Gustavo Pacheco-López1*
Marcel Pérez-Morales1*
Kioko Rubí Guzmán-Ramos1
Johnny Davis Figueroa2
Ute Krügel3
Javier A. Bravo4- 1Health Sciences Department, Metropolitan Autonomous University (UAM), Campus Lerma, Lerma, Mexico
- 2School of Medicine, Loma Linda University, Loma Linda, CA, United States
- 3Medical Faculty, Leipzig University, Leipzig, Germany
- 4Pontificia Universidad Católica de Valparaiso, Valparaiso, Chile
Editorial on the Research Topic
Obesogenic Environmental Conditions Affect Neurodevelopment and Neurodegeneration
The classical debate between nativism (nature, genes) and empiricism (environment, nurture) originated in ancient Greece and developed in the Renaissance, including analogies of Aristotle and metaphors of Gottfried Wilhelm Leibniz about the contents of the mind, persists to our days in neurobiology. The subject of this Research Topic is an example of this controversy. From a methodological perspective, an obesogenic environment is an experimental approach in which environmental manipulations, such as exposure to hypercaloric diets, drinking sugar-sweetened beverages (i.e., diet-induced obesity), and reduced physical activity, separately or in combination, may lead to metabolic imbalances, weight gain, and finally to adiposity. The scientific field continues making strides to determine the contribution of the myriad of obesogenic factors modulating energy homeostasis.

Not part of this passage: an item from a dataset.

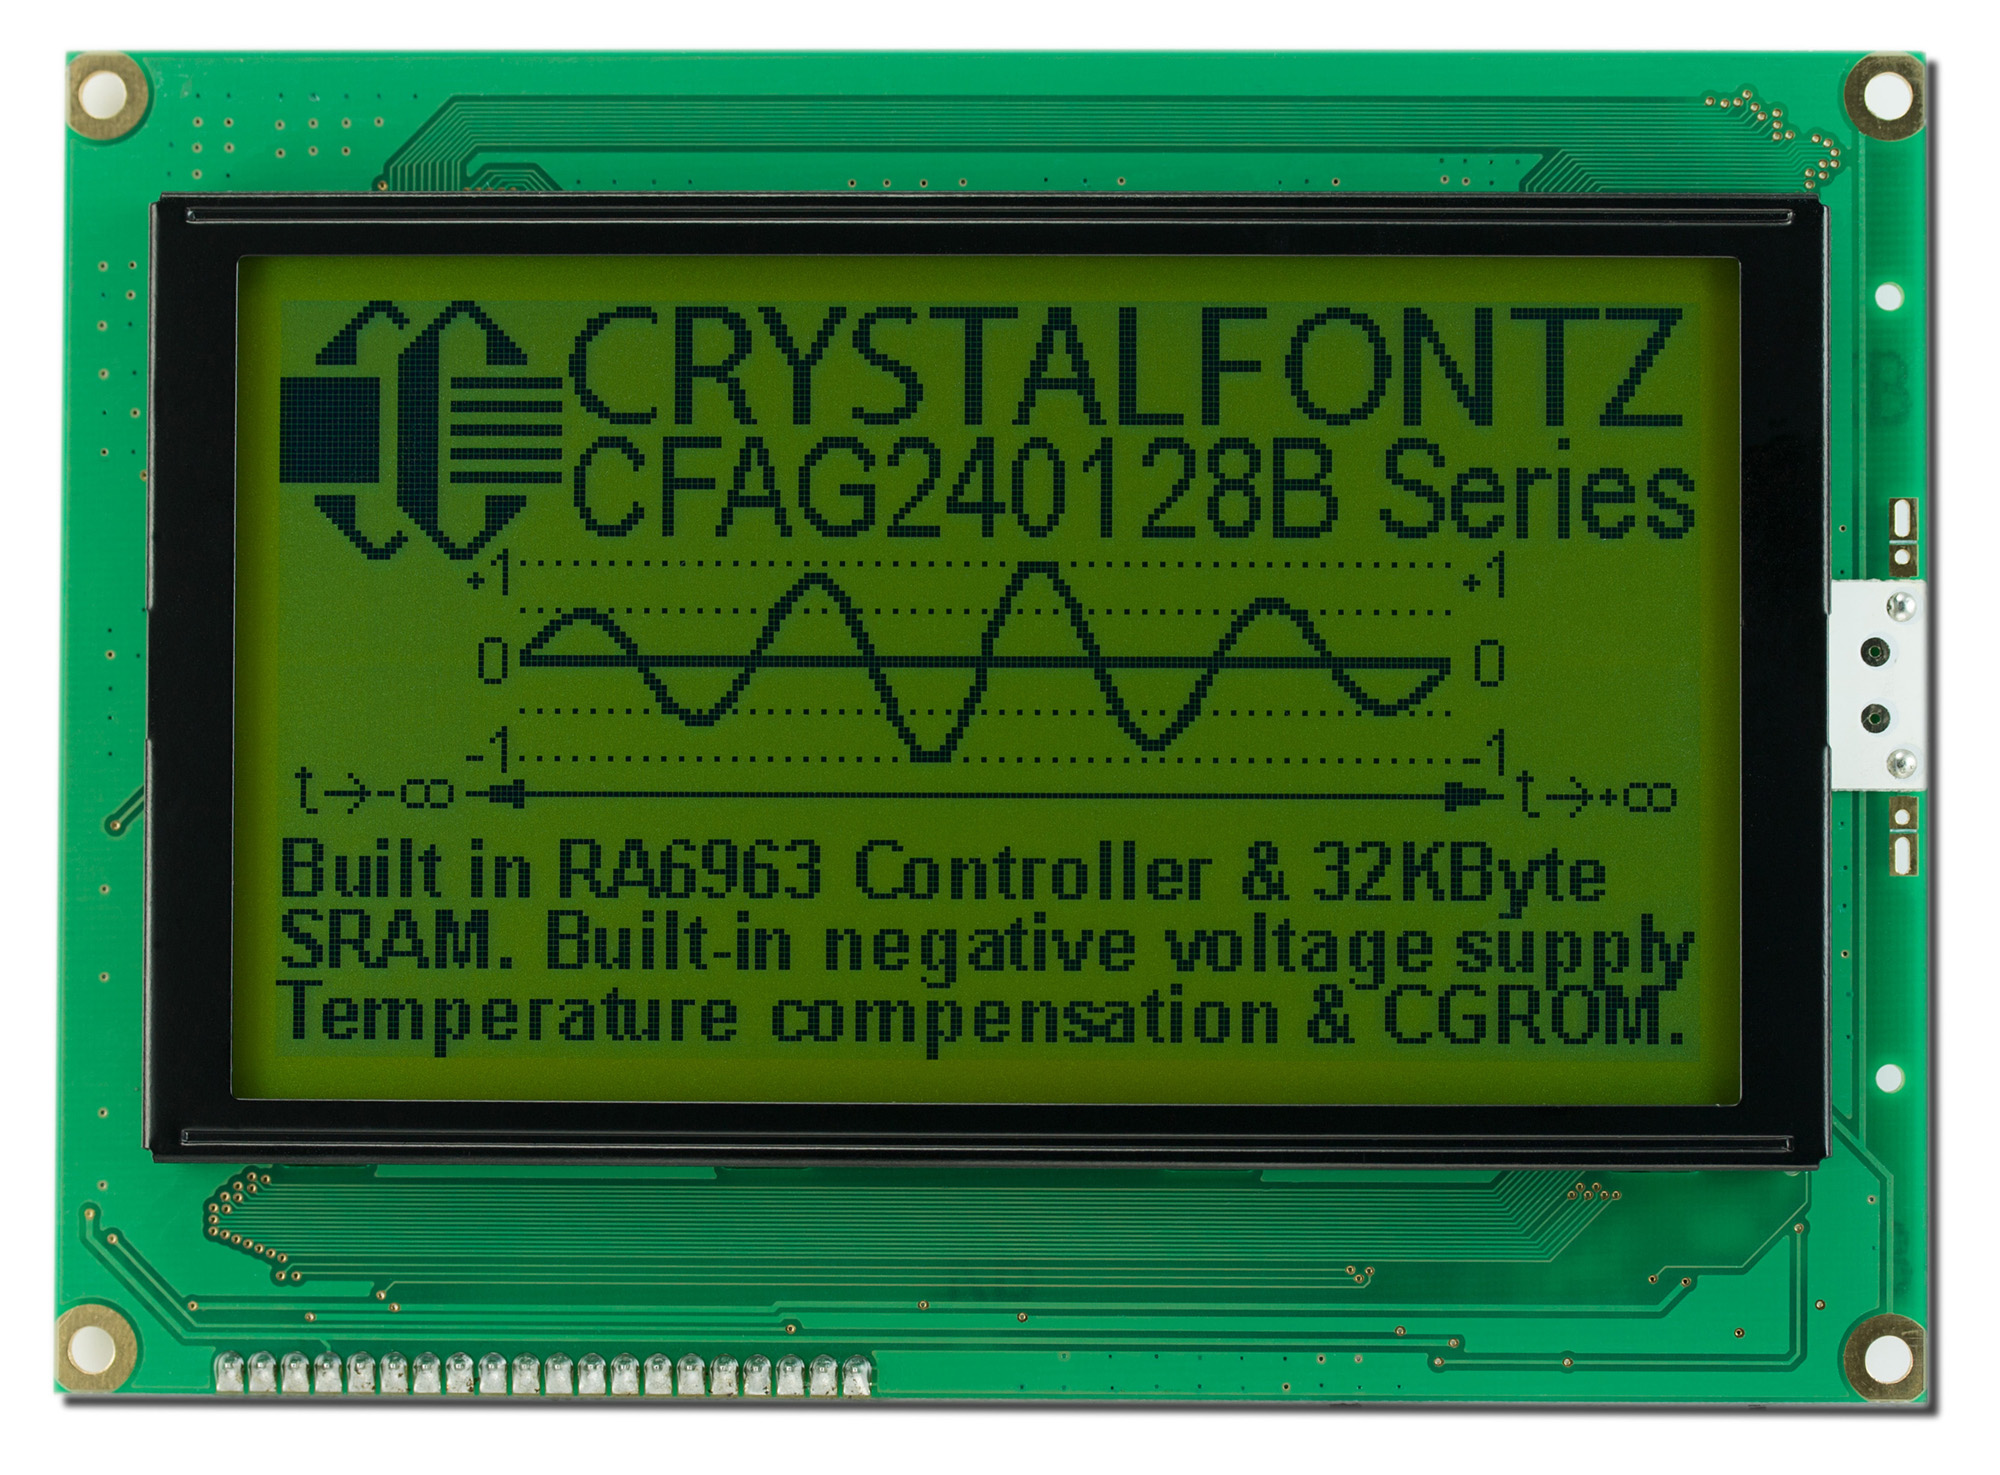 240x128 Sunlight Readable Graphic LCD from Crystalfontz

In this Research Topic, six original papers, two reviews, and one mini-review summarize the impact of several obesogenic factors upon food intake regulation, obesity-associated biomarkers, and describe several behavioral and molecular approaches that enhance our understanding of obesity. In the context of the sedentary lifestyle and the constant availability of junk food that has dramatically increased in the last 30 years all over the world, Flores-Dorantes et al. provide an integrative view on the relationship between obesogenic environments and obesity, with both neurodegenerative and neurodevelopmental diseases. The authors emphasize the involvement of genes traditionally associated with food intake regulation, such as those that code for the leptin-melanocortin pathway proteins and their incidence on neurodegenerative and neurodevelopmental diseases. They call our attention to the gene-environment interaction that promotes an imbalance between caloric intake and energy expenditure. They provide further evidence for common neurobiological pathways between obesity and neurodegenerative diseases, suggesting that metabolic syndrome and obesity are risk factors for Parkinson's disease and Alzheimer's disease (AD).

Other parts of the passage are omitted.